Revision | Date | Description of Change :-------:|:----:|:-------------------- V1.0 B5 | March 2020 | Manifest file annotation of discordant probes v1.0 B4 | May 2017 | Manifest file formatting fix v1.0 B3 | April 2017 | Removed 977 CpG sites from manifest v1.0 B2 | February 2016 | Fixed switch in red/green signal for Infinium I SNP probes v1.0 B1 | January 2016 | Removed one pair of bisulfite conversion controls and 1031 CpG sites from the manifest - probe list v1.0 | November 2015 | Initial release
Full link to the detailed change log here.
I recommend always running the latest annotation release, which is currently B5 - download.
Update (170928) - addition of probes for EPIC/850k processing
Supplementary data from Pidsley et al., (2016), suggests cross-reactive and variant containing probes to filter at QC.

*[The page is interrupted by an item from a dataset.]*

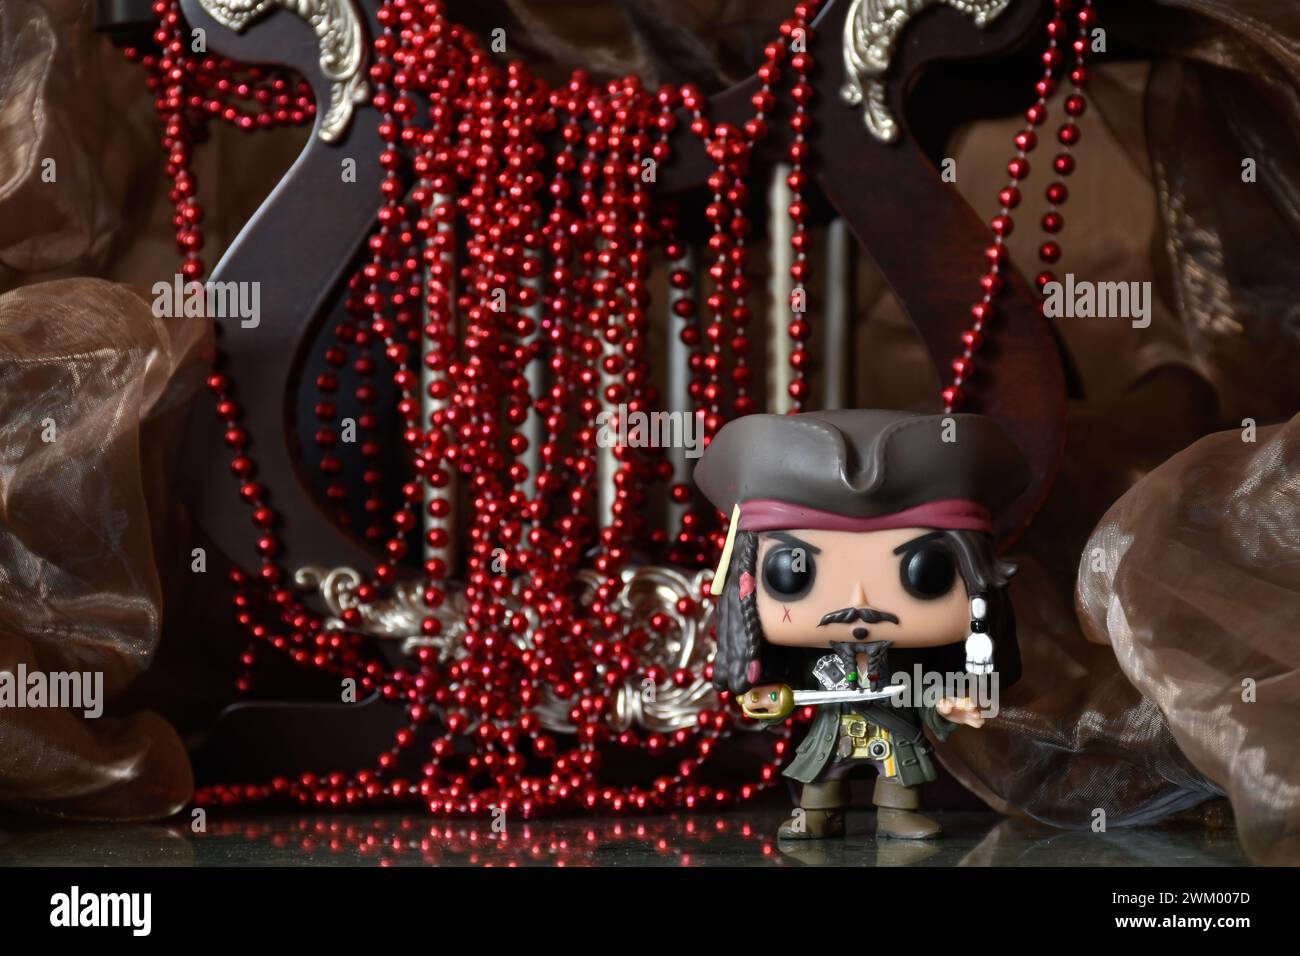 Funko Pop action figure of captain Jack Sparrow from movie Pirates of the Caribbean. Treasure, red necklace, cocked hat, sword, cave, dark palace. Stock Photo

Pidsley, R., Zotenko, E., Peters, T. J., Lawrence, M. G., Risbridger, G. P., Molloy, P., … Clark, S. J. (2016). Critical evaluation of the Illumina MethylationEPIC BeadChip microarray for whole-genome DNA methylation profiling. Genome Biology, 17(1), 208. https://doi.org/10.1186/s13059-016-1066-1
- there is overlap between 450k and 850k lists, however this will not cause any issues.
Extension to the above to filter EPIC data (can apply 450k list as well)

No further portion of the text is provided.